Since 9/11, we’ve been subject to an ever-expanding security theater at the hands of the TSA. While no one would disagree with some screening for safety’s sake, our current plodding march of removing shoes and throwing away outside coffees hasn’t proven to be inane enough for the TSA. (Does anyone remember that the 2001 shoe bomber plot that led to shoe and liquid bans never even came to fruition? Anyone? Bueller?)

As Cory Doctorow on BoingBoing points out, the new rules are going to a level of Really Bad Touching, and I can’t believe this is a thing that the TSA has approved (except I can, because it’s the TSA):

Under new TSA rules, screeners will be able to lovingly cup and fondle your genitals and “sensitive areas” during a secondary search…TSA outposts have been told to notify local cops to expect accusations of sexual assault.
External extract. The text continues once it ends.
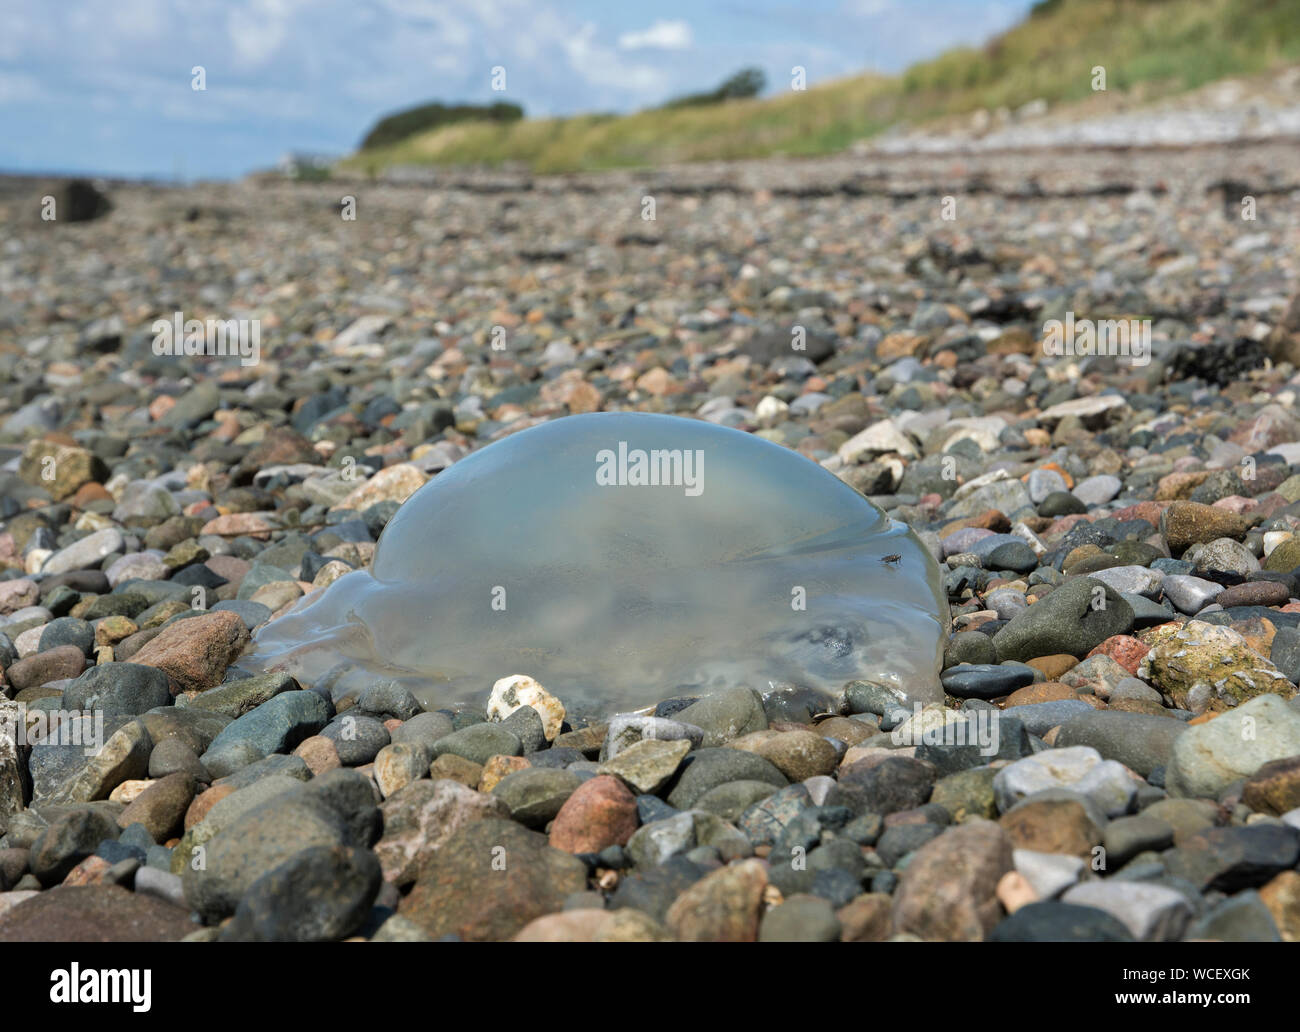 Jellyfish washed up on a stony beach, Lancashire, UK Stock Photo
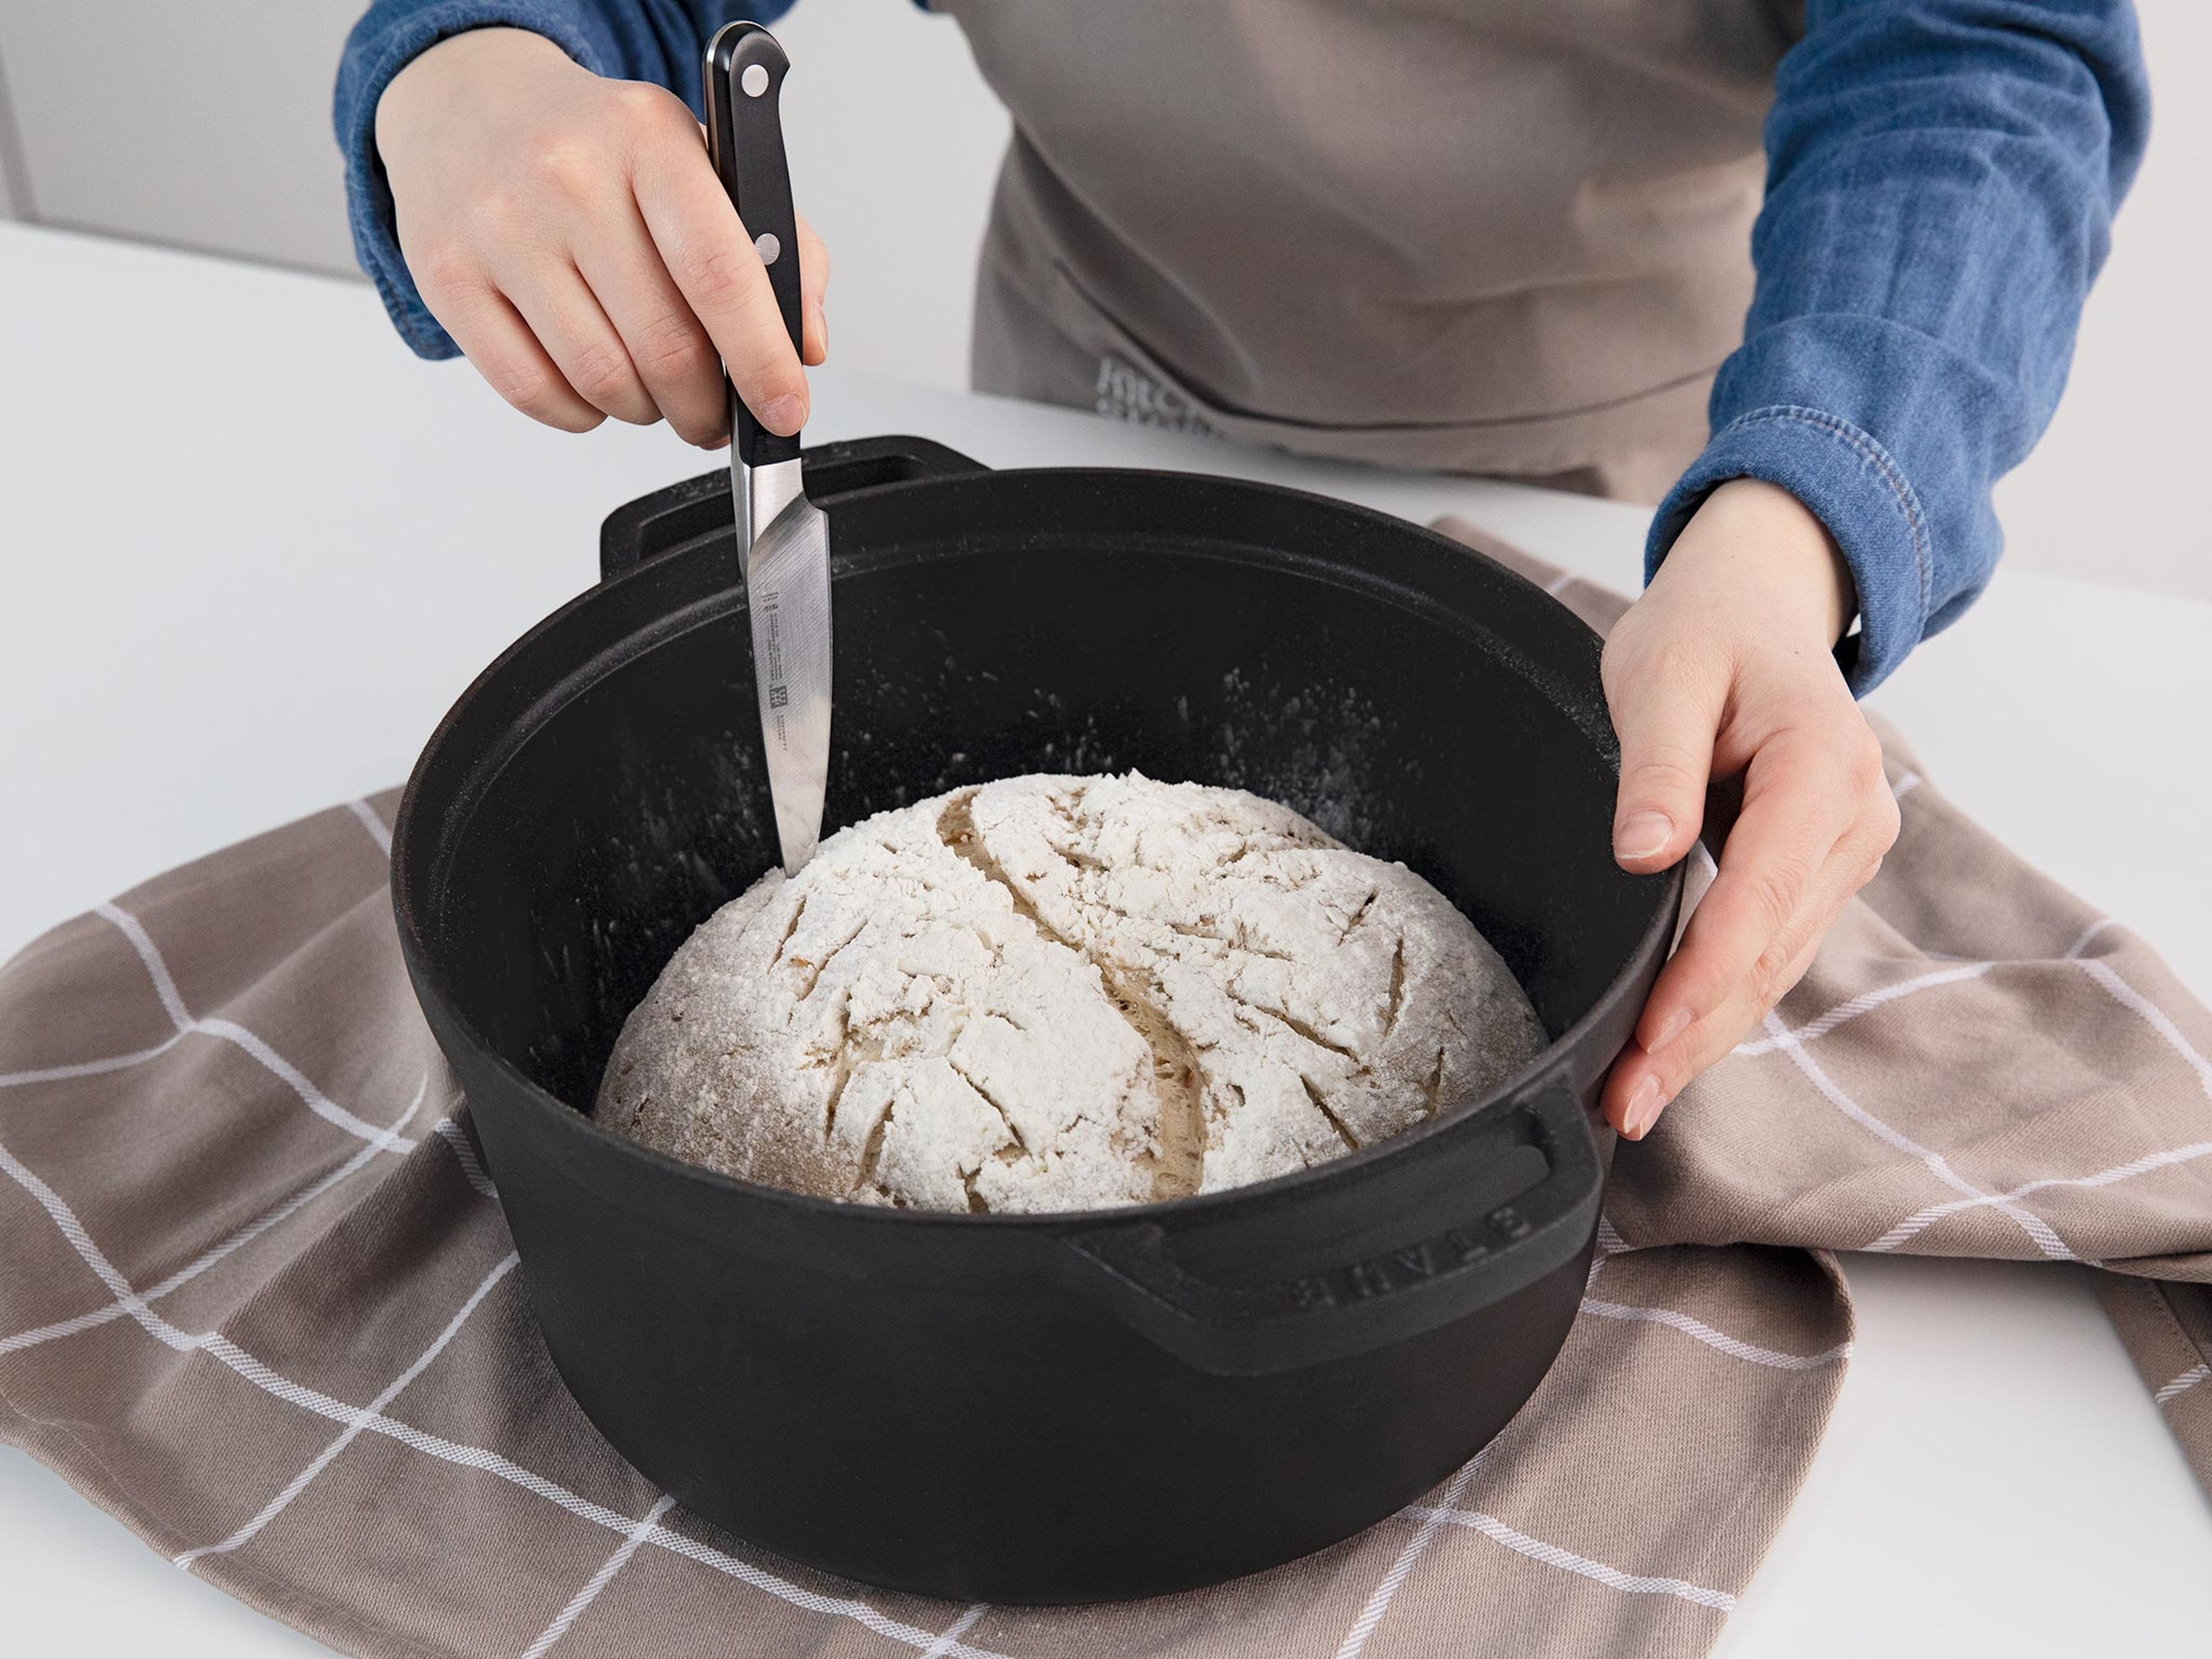 Um das gegangene und geformte Brot richtig einzuschneiden, verwende ein kleines, scharfes Messer, eine Rasierklinge oder ein Skalpell. Das Einkerben hilft dem Brot dabei, gleichmäßig und schön aufzugehen, anstatt an den Nähten aufzureißen. Backe das Brot direkt nach dem einschneiden.

There is no world where this is okay. The new rules apply to “secondary searches,” which result when you opt out of using the body scanner—or sometimes just because. I’ve watched TSA agents pull people aside for secondary searches for no apparent reason; maybe they thought the person looked suspicious; maybe the agent was bored or feeling particularly vindictive. I’ve received them at complete random. Whatever their new guidelines demand, there’s no conceivable justification why an already uncomfortable, invasive procedure needs to be stepped up in severity.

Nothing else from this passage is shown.